Coordinating AGVs for Automated Warehouses

Coordination of multiple AGVs: a quadratic optimization method

Valerio Digani, M. Ani Hsieh, Lorenzo Sabattini, and Cristian Secchi

Abstract: This paper presents an optimization strategy to coordinate a fleet of Automated Guided Vehicles (AGVs) traveling on ad-hoc pre-defined roadmaps. Specifically, the objective is to maximize traffic throughput of AGVs navigating in an automated warehouse by minimizing the time AGVs spend negotiating complex traffic patterns to avoid collisions with other AGVs. In this work, the coordination problem is posed as a Quadratic Program where the optimization is performed in a centralized manner. The proposed method is validated by means of simulations and experiments for different industrial warehouse scenarios. The performance of the proposed strategy is then compared with a recently proposed decentralized coordination strategy that relies on local negotiations for shared resources. The results show that the proposed coordination strategy successfully maximizes vehicle throughput and significantly minimizes the time vehicles spend negotiating traffic under different scenarios.

Status: Published in Autonomous Robots.  Preprint to come.

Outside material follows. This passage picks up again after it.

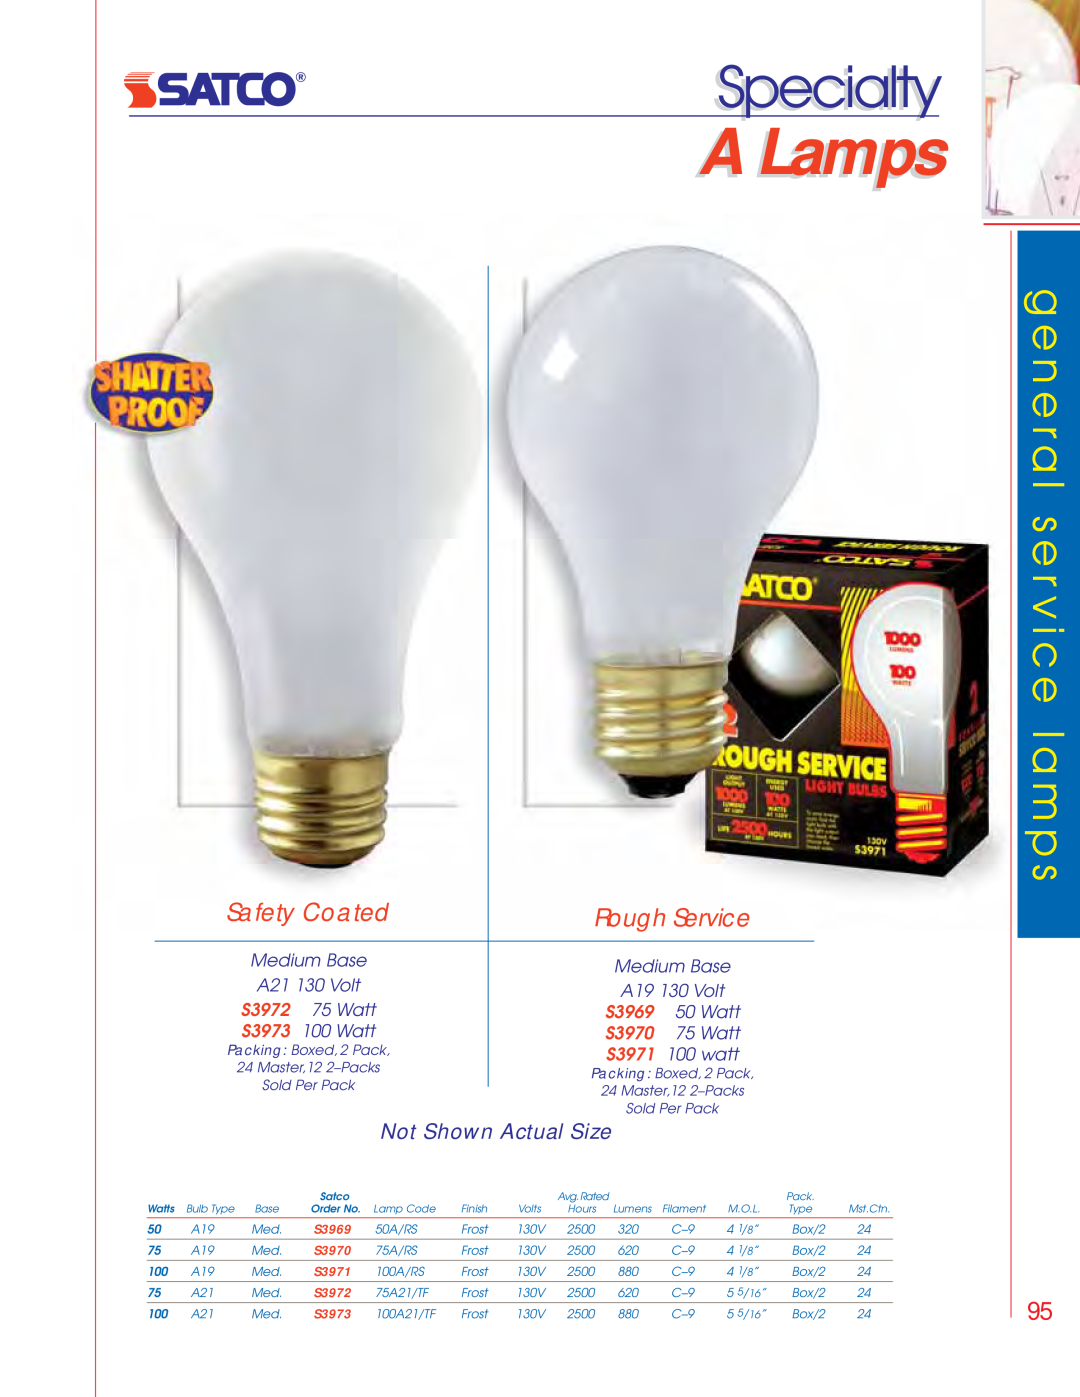 Satco Products S3680 A Lamps, Safety Coated, Rough Service, S3972, S3969, S3973, S3970, S3971, Specialtyi l, Sold Per Pack 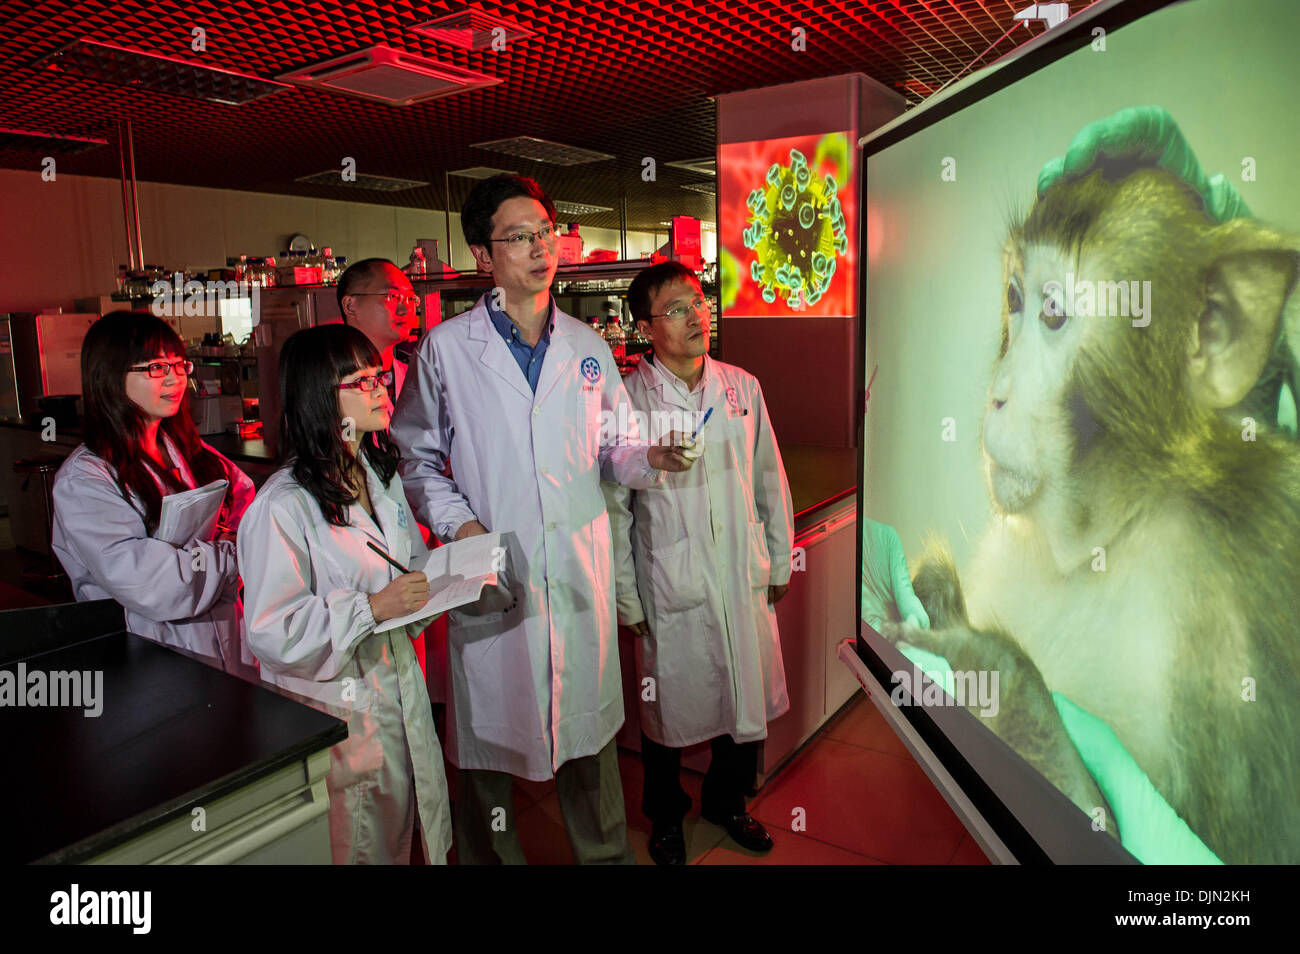 (131129) -- GUANGZHOU, Nov. 29, 2013 (Xinhua) -- Dr. Chen Ling (2nd R) and his team analyze a test result of experimental monkey No. 031137 at Guangzhou Institute of Biomedicine and Health of Chinese Academy of Sciences in Guangzhou, capital of south China's Guangdong Province, Nov. 18. 2013. A collaborative team co-led by the Comprehensive AIDS Research Center of Tsinghua University, the AIDS Institute of the University of Hong Kong Li Ka Shing Faculty of Medicine and the Guangzhou Institute of Biomedicine and Health of Chinese Academy of Sciences has conducted a five-year preclinical study Stock Photo

Planning Optimal Paths in General Flows

Going With The Flow: A Graph Based Approach to Optimal Path Planning in General Flows

Dhanushka Kularatne, Subhrajit Bhattacharya, and M. Ani Hsieh

Abstract: Autonomous surface and underwater vehicles (ASVs and AUVs) used for ocean monitoring are typically deployed for long periods of time and must operate with limited energy budgets. Coupled with the increased accessibility to ocean flow data, there has been a significant interest in developing energy efficient motion plans for these vehicles that leverage the dynamics of the surrounding flow. In this paper, we present a graph search based method to plan time and energy optimal paths in static and time-varying flow fields. We also use tools from topological path planning to generate optimal paths in different homotopy classes to facilitate simultaneous exploration of the environment by multi-robot teams. The proposed strategy is validated using analytical flow models, actual ocean data, and in experiments using an indoor laboratory testbed capable of creating flows with ocean-like features. We also present an alternative approach using a Riemannian metric based approximation for the cost functions in the static flow case for computing time and energy optimal paths. The Riemannian approximation results in smoother trajectories in contrast to the graph based strategy while requiring less computational time.

Status: Accepted and to appear in Autonomous Robots. Preprint to come.